In the late 1930s and early ’40s, artist Marcel Duchamp was in a reflective mood and traveling often between Paris and New York City. He’d been well-known for several decades, but his interest in art had been crowded out by a fascination—or, more accurately, an obsession—with playing chess.
He decided he wanted to be the first artist to curate his own retrospective, and to do so by creating a new artwork. From 1936 to 1941 he traveled throughout France, gathering the materials to make La Boîte-en-valise, which offered a selected overview of his work as an artist in the form of miniatures stashed in a fold-out carrying case.

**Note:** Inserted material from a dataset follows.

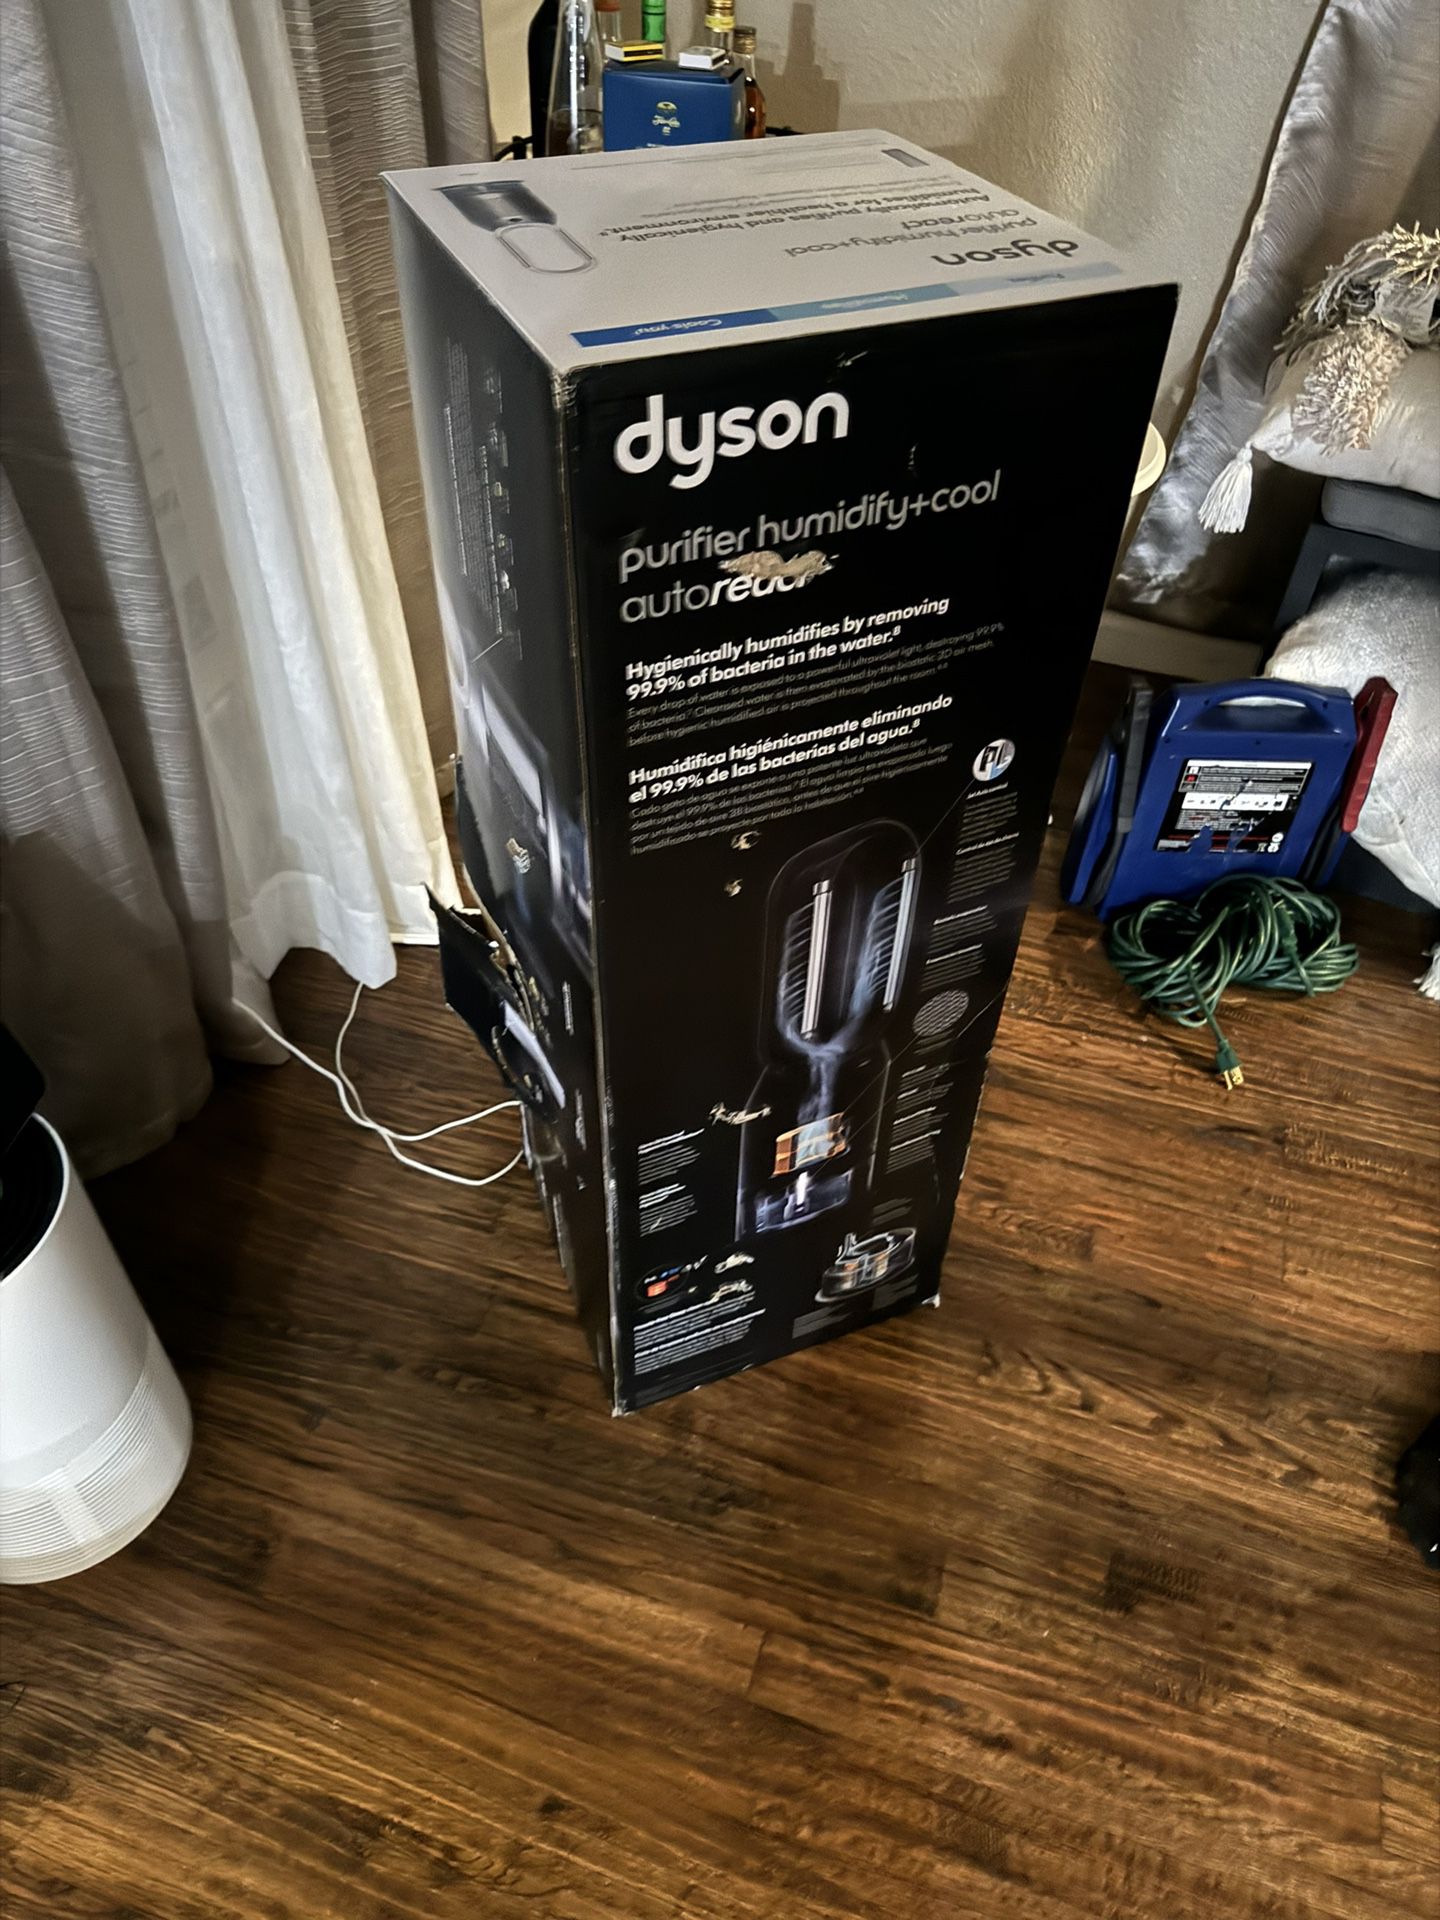 Dyson purifier/humidifier Duo

I saw my original spreadsheet, and now see this software platform, as a way to carry your artwork with you. (Valise is the French word for suitcase.) I hoped, when I chose the name, that it would resonate with the artists who might use Valise. Now, we hope the name communicates, with a sly smile of the kind Duchamp’s work frequently evokes, that not only do we know databases, server configuration, and good user-experience principles, but that we also know art.